Encounter data is up-to-date. Typically yesterday's Human Encounter Density data is available online today. (Encounter Density D data source: Unacast's Social Distancing Scoreboard, which analyzes cell phone location data, counts "Human Encounters", defined as two cell phone devices that were in the same place at the same time, and then derives the probability and "Encounter Density".)
How does it work?
The strong correlation between R and D (D is shifted by ~22 days) is evident in this figure. While social distancing quickly brought down R, easing policy is slowly increasing R back above 1.

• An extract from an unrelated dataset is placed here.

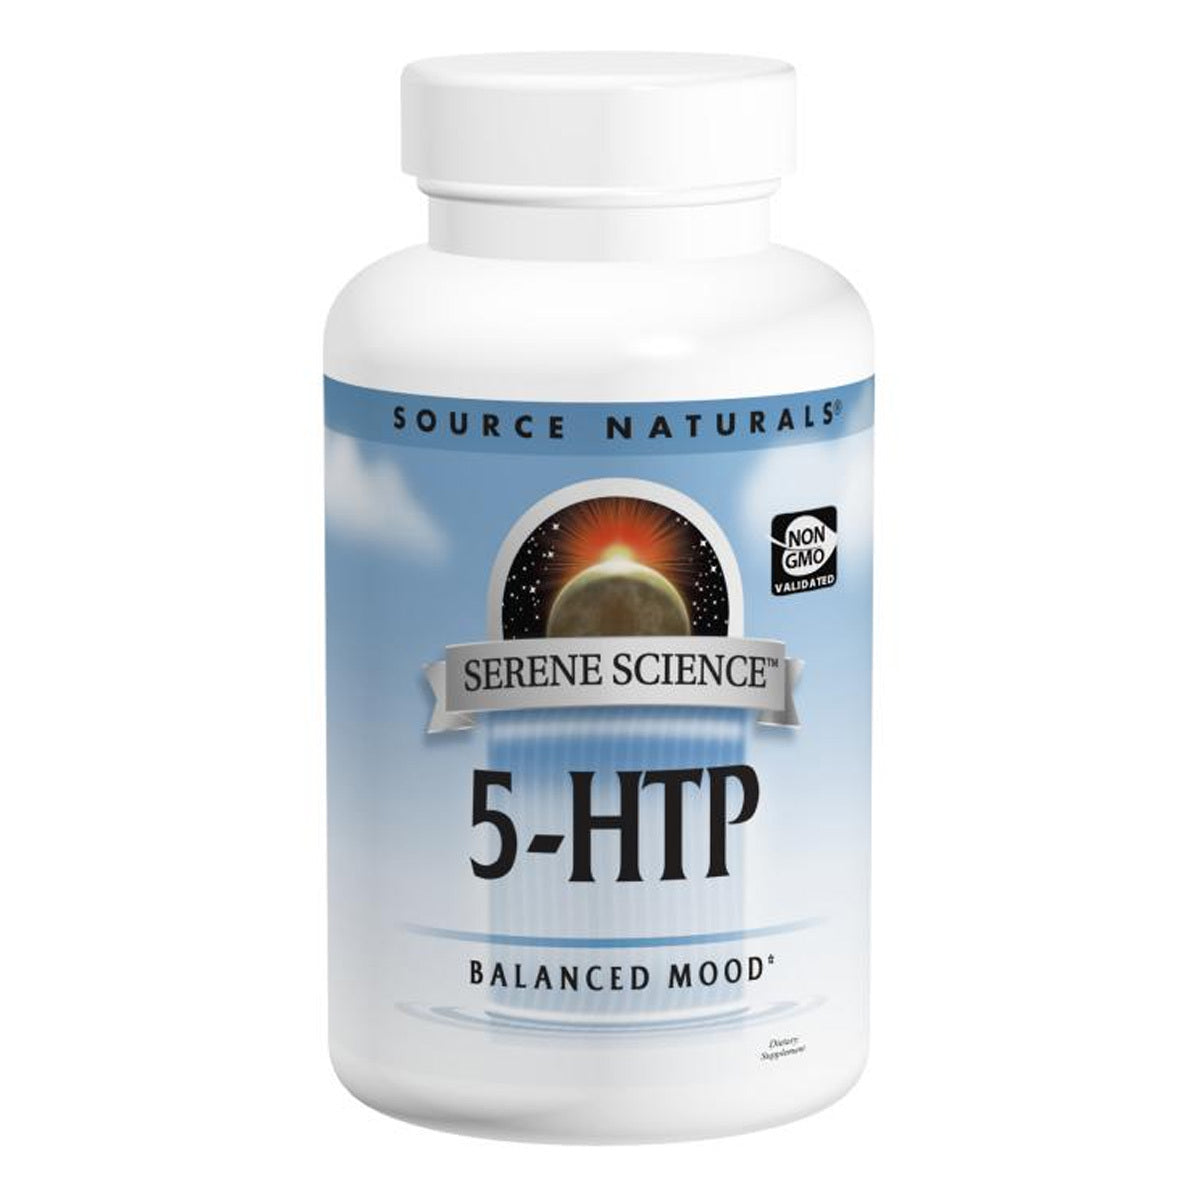 Primary image of Serene Science 5-HTP

Using (1) R and D relation in the past as a training set, (2) future D as input, and (3) machine learning / regression, my model can predict future R, and ultimately future Daily New Cases.
Shown in red is "Daily Reproductive Number" R_d, which is obtained through fitting of existing "Daily New Confirmed Cases". By definition, if day 1 daily new cases in N, day 2 number will be N*R_d. Hence, the ultimate goal is to keep R_d under 1.
The black dots are Adjusted Encounter Density D_adj, shifted forward by ~22 days. These two curves are remarkably close. For example, R started to quickly decrease at around 3/20. This coincides with a sudden decrease of D at the end of Feb, ~20 days before. R reached bottom at ~4/15 and stayed at the level till ~5/15. This overlaps with low D between 3/20 to 4/20. The amount of shift is optimized to maximize overlap, and the value is determined as ~22 days. The values are normalized to pre-pandamic levels, so 1.0 means activity level before pandemic hit US.